=== Data provided ===

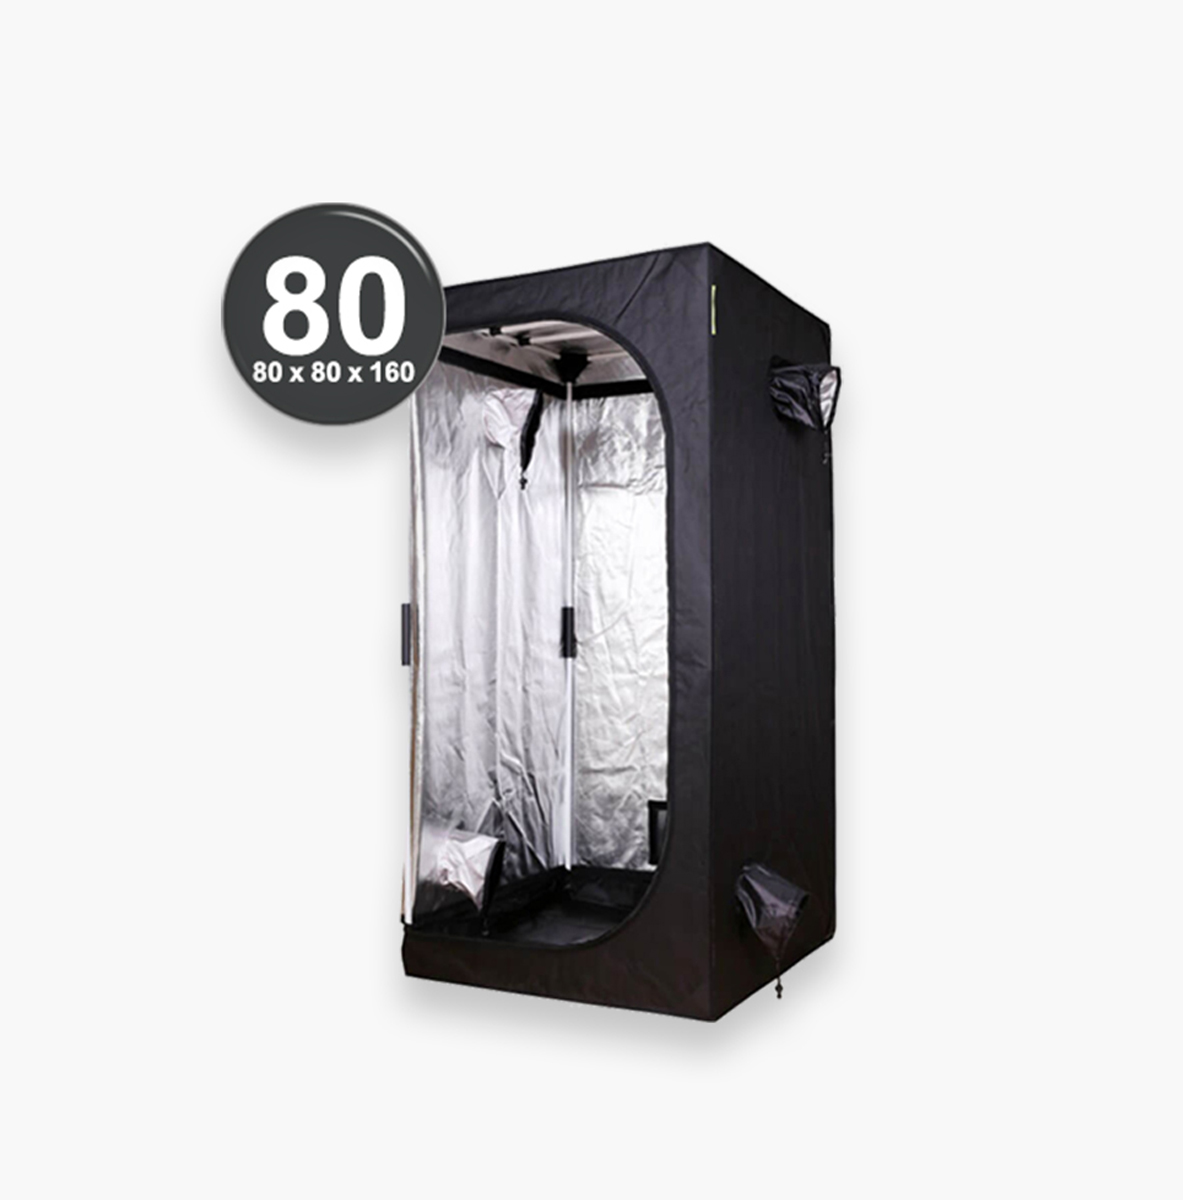 Estufa Pro Box Basic Pro 80 - 80x80x160 cm
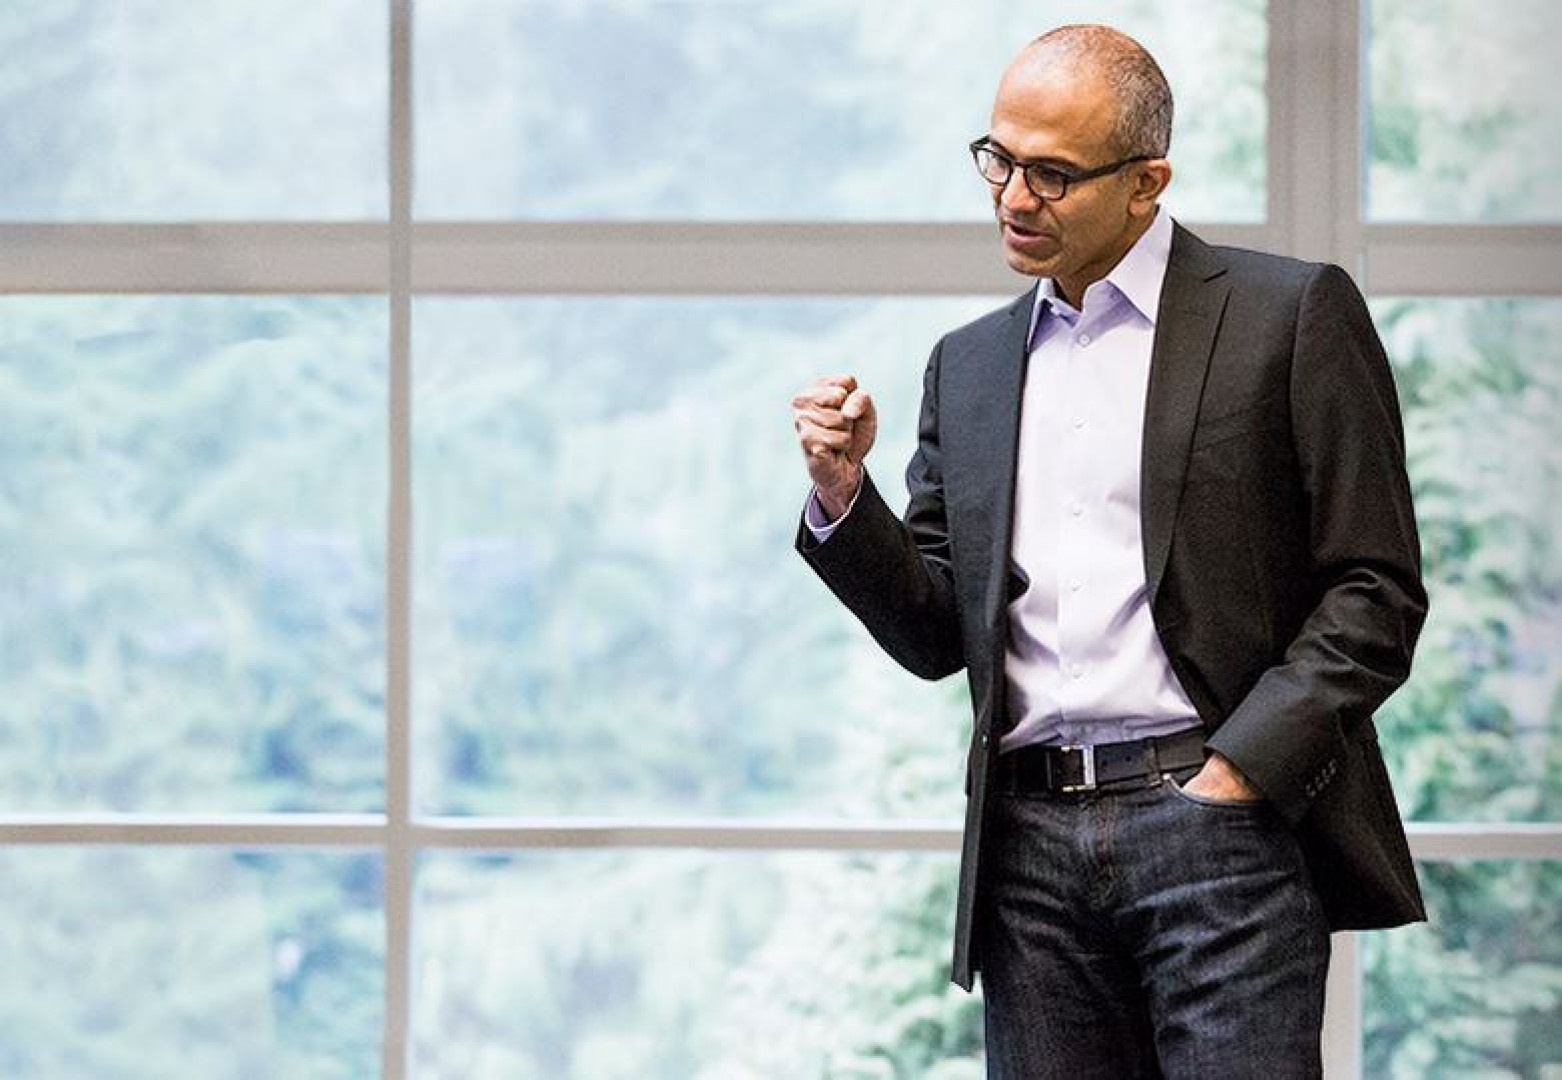 Satya Nadella, dyrektor generalny Microsoftu (fot. Bhupinder Nayyar/flickr.com/CC BY 2.0)
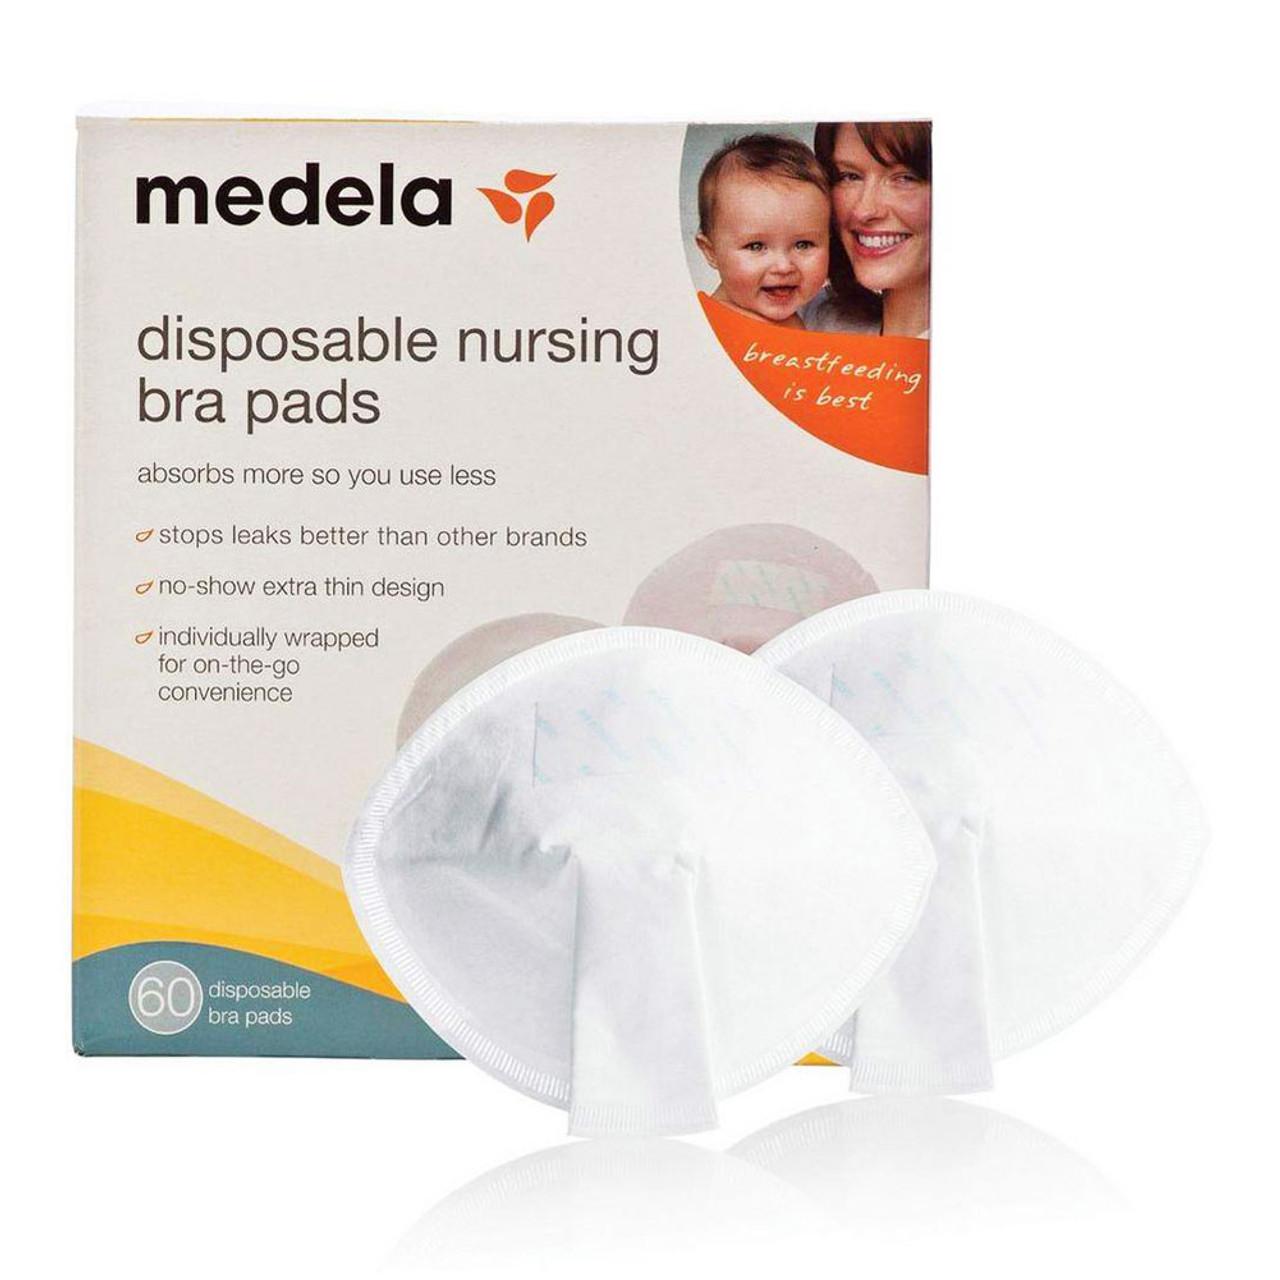 8c9dd02cf4 Medela Disposable Nursing Bra Pads - 60 Pads - Dear-Born Baby
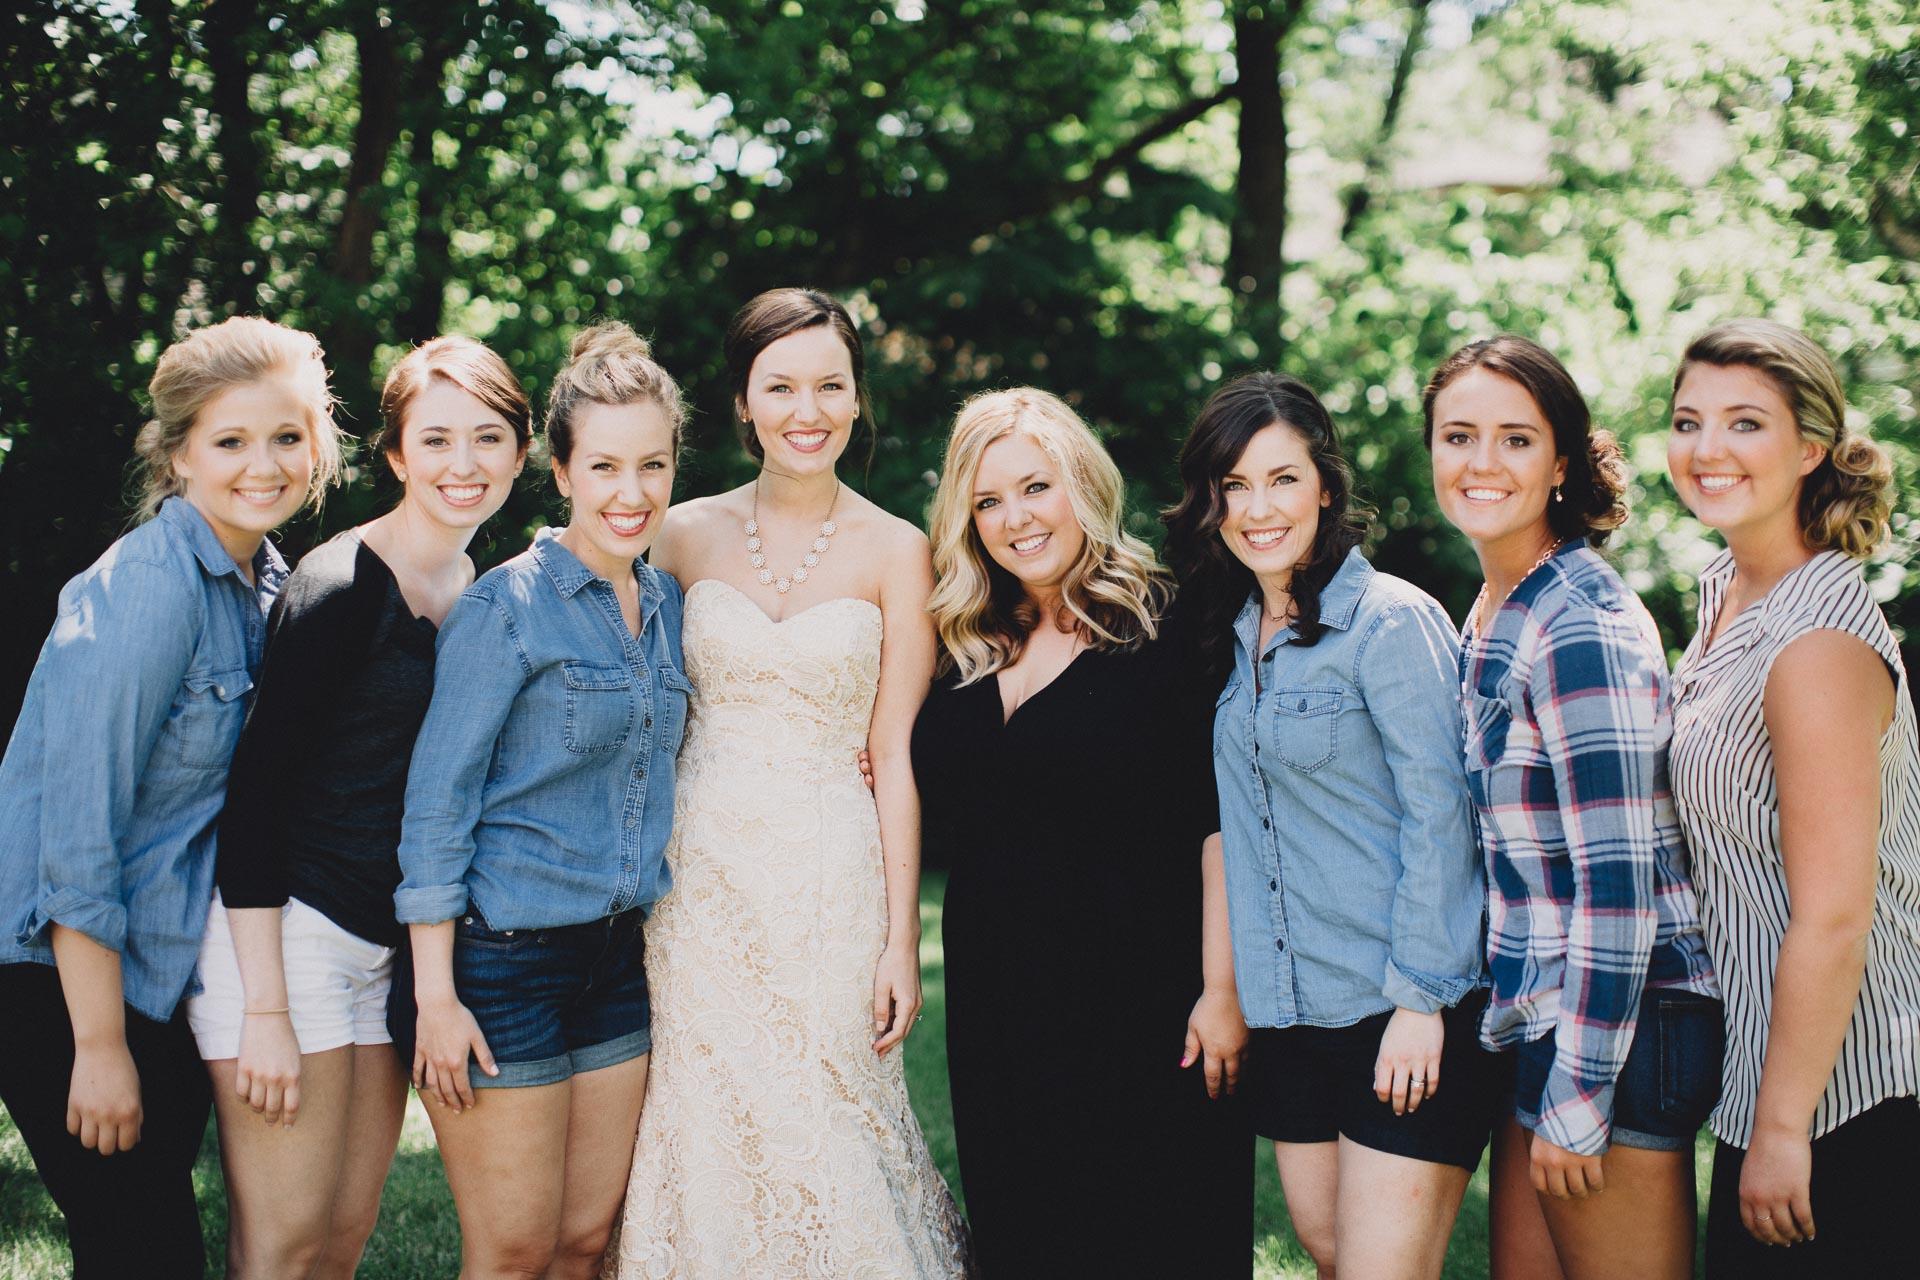 Julia-Michael-Cincinnati-Music-Hall-Wedding-032@2x.jpg

===

**Task prompt:** Restate word for word the lines starting at the one that contains "8c9dd02cf4 Medela Disposable" and ending at the last line of the data. Skip every picture.

**Task answer:**
 8c9dd02cf4 Medela Disposable Nursing Bra Pads - 60 Pads - Dear-Born Baby
 Julia-Michael-Cincinnati-Music-Hall-Wedding-032@2x.jpg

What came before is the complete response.